A Mayotte, une opération de police néocoloniale
vise des personnes originaires d’autres îles de l’archipel des Comores

Le 24 avril 2023 le gouvernement français a lancé à Mayotte une opération militaro-policière visant à raser des bidonvilles et à expulser de l'île 10 000 personnes au prétexte qu'elles sont originaires d'autres îles de l'archipel des Comores. Elle est dénoncée par de nombreuses associations, syndicats et partis comme une atteinte grave aux droits humains des habitants de ces bidonvilles. Dans Le Monde, l'ethnologue spécialiste de la région Sophie Blanchy rappelle que les Comoriens ne sont pas des étrangers à Mayotte où rien, sinon leur nationalité, ne les distingue des Mahorais, et pointe l'absurdité de la politique sécuritaire française. La revue Afrique XXI consacre un dossier mettant en perspective cette opération « Wuambushu » à Mayotte, « post-colonie au XXIe siècle ». Nous renvoyons aussi à un article d'Alain Ruscio qui montre que la situation dans l'archipel des Comores résulte du néocolonialisme français.

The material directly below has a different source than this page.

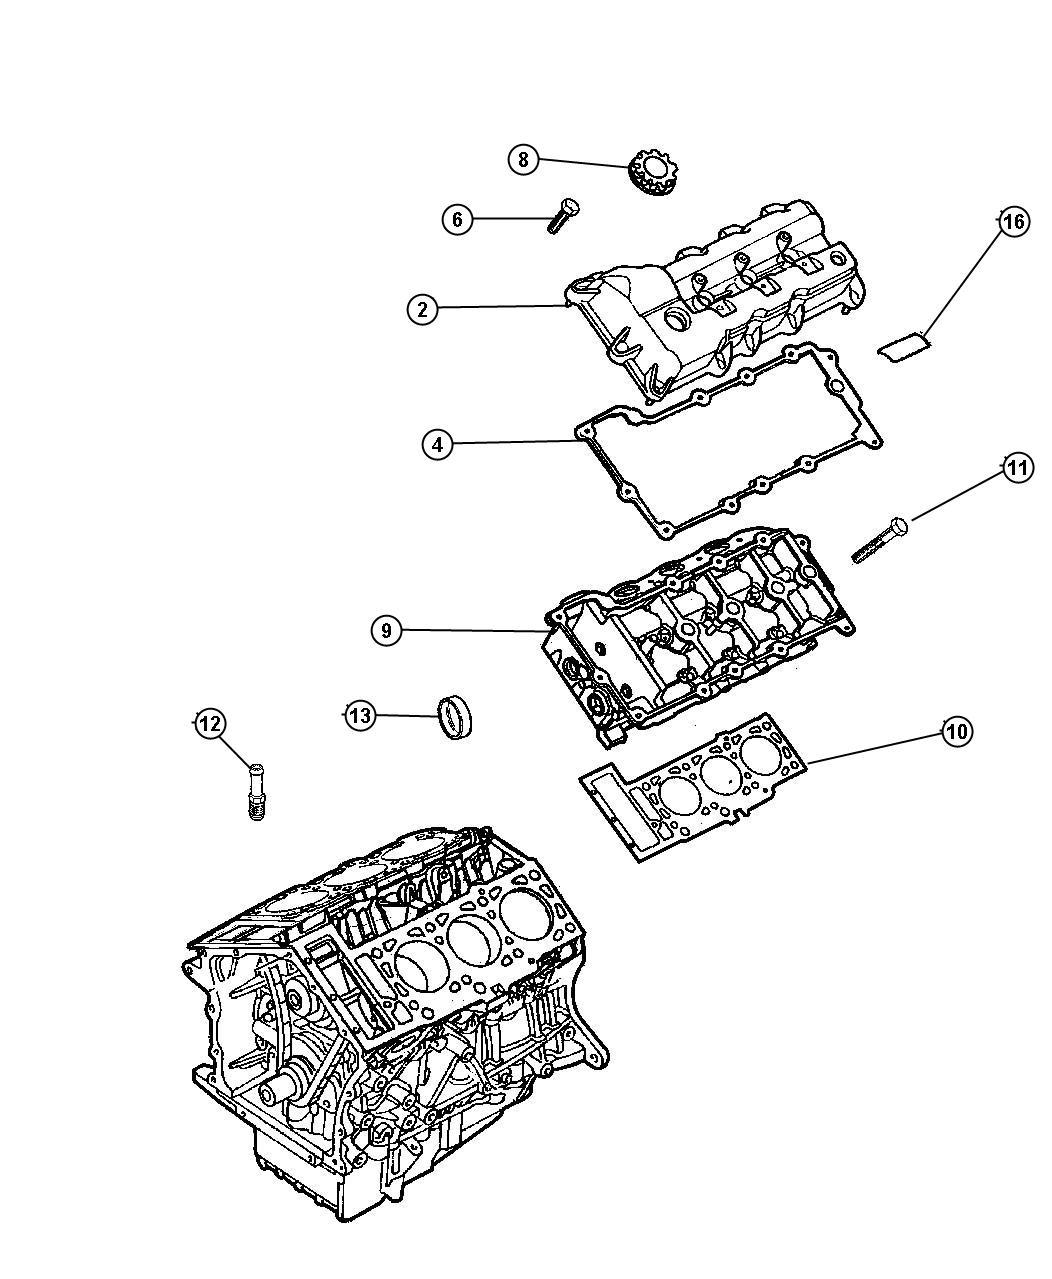 Dodge Intrepid Head Cylinder Right

« A Mayotte, les Comoriens ne sont pas des étrangers »,
par Sophie Blanchy

Des policiers d'une brigade de CRS participant à l'opération Wuambushu, à Mayotte, le 24 avril 2023. - BFMTV
Des policiers d’une brigade de CRS participant à l’opération Wuambushu, à Mayotte, le 24 avril 2023. – BFMTV


Sophie Blanchy travaille à Mayotte depuis 1980 et aux Comores depuis 1987. Après une thèse sur la vie quotidienne à Mayotte (île française de l’archipel des Comores), elle a étudié le rituel du mariage et les classes d’âge à Ngazidja (Grande-Comore).

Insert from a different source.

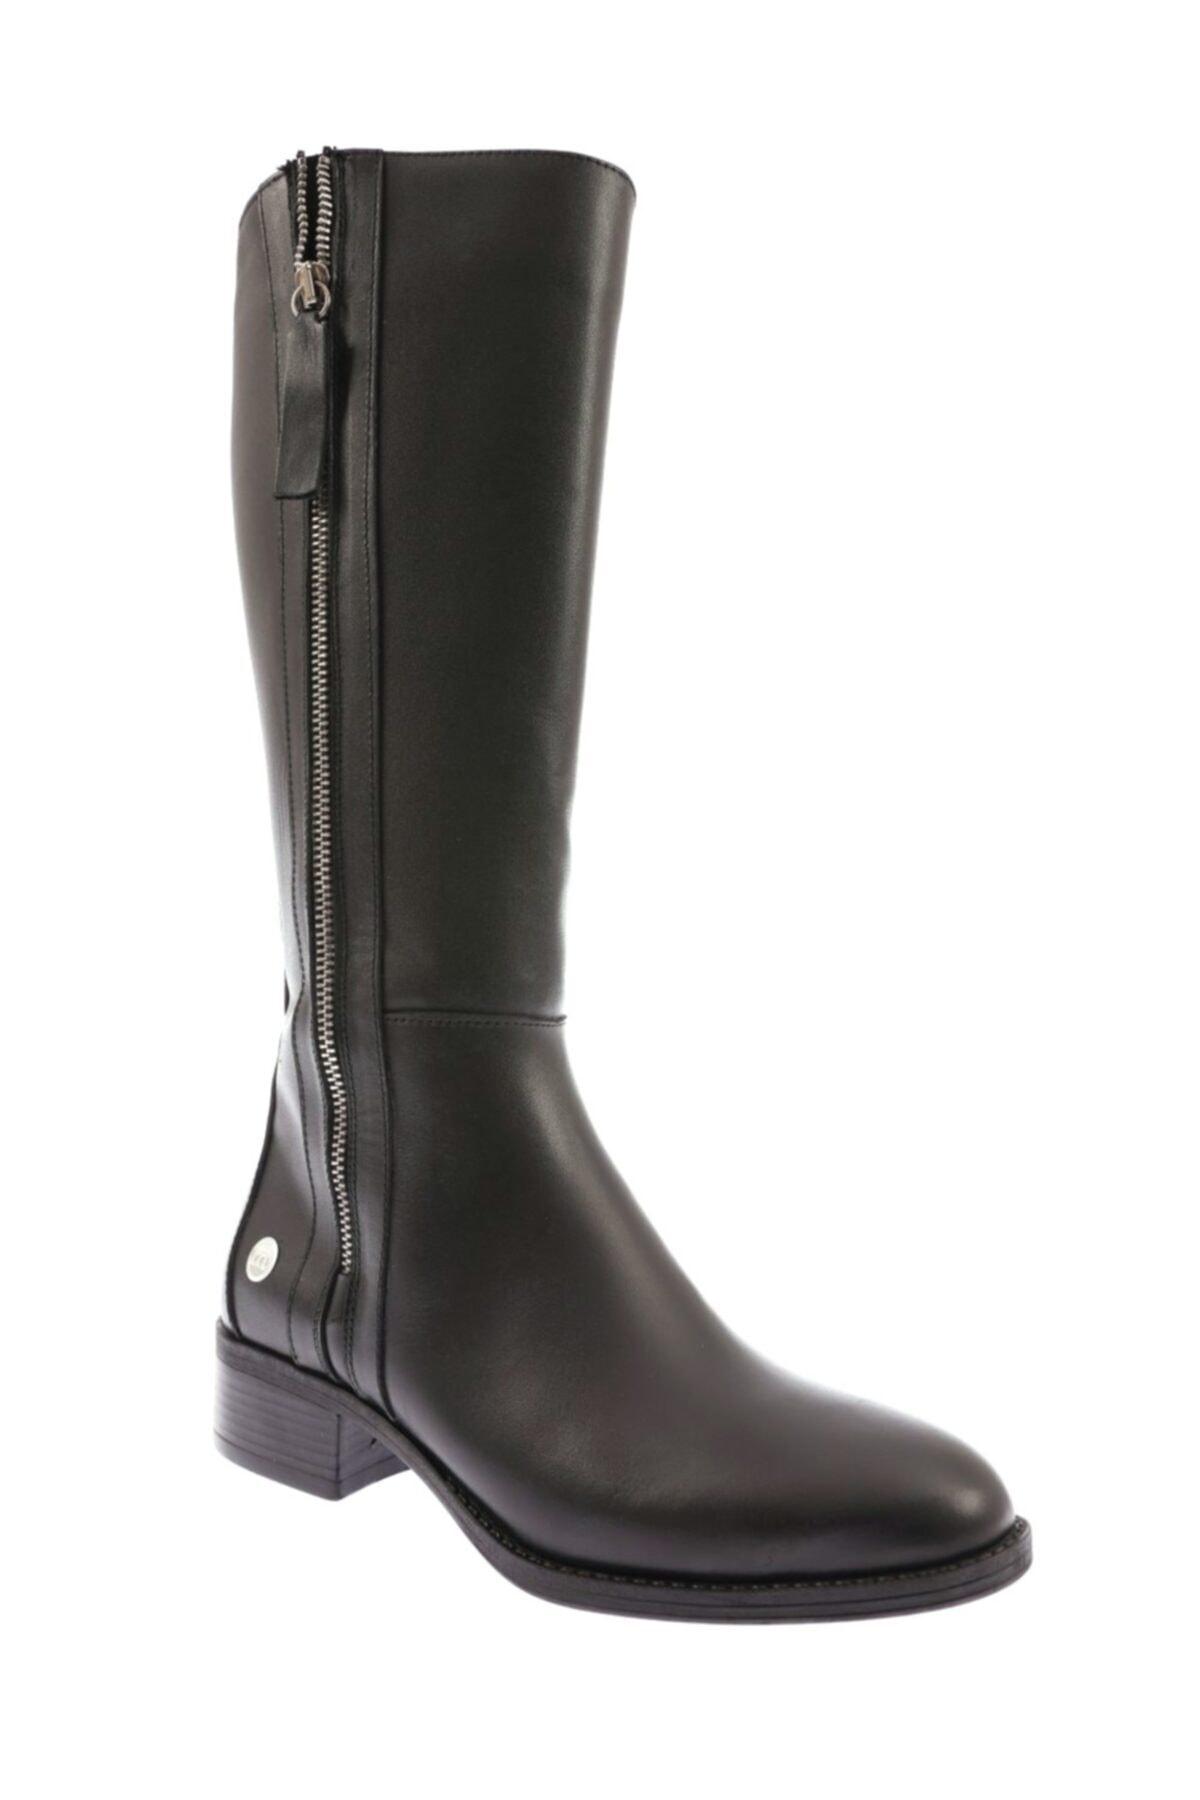 Mammamia D20kc-2000 Deri Kadın Çizme Siyah Faber 2

Propos recueillis par Laurence Caramel.
Publié par Le Monde
le 25 avril 2023.
Source

L’opération « Wuambushu », annoncée depuis plusieurs semaines par le ministère de l’intérieur français, a commencé lundi 24 avril à Mayotte. Cette action de grande envergure de destruction des bidonvilles et d’expulsion de migrants clandestins – en grande majorité originaires des Comores – braque une nouvelle fois les projecteurs sur la singularité de cette île, seule parmi l’archipel colonisé, à ne pas avoir choisi l’indépendance dans les années 1970 et à être devenu département français en 2011. L’ethnologue Sophie Blanchy, directrice de recherche au Centre national de la recherche scientifique (CNRS), spécialiste des sociétés comoriennes et malgaches, rappelle l’histoire ancienne de la migration et sa nécessité dans des territoires insulaires sans ressources.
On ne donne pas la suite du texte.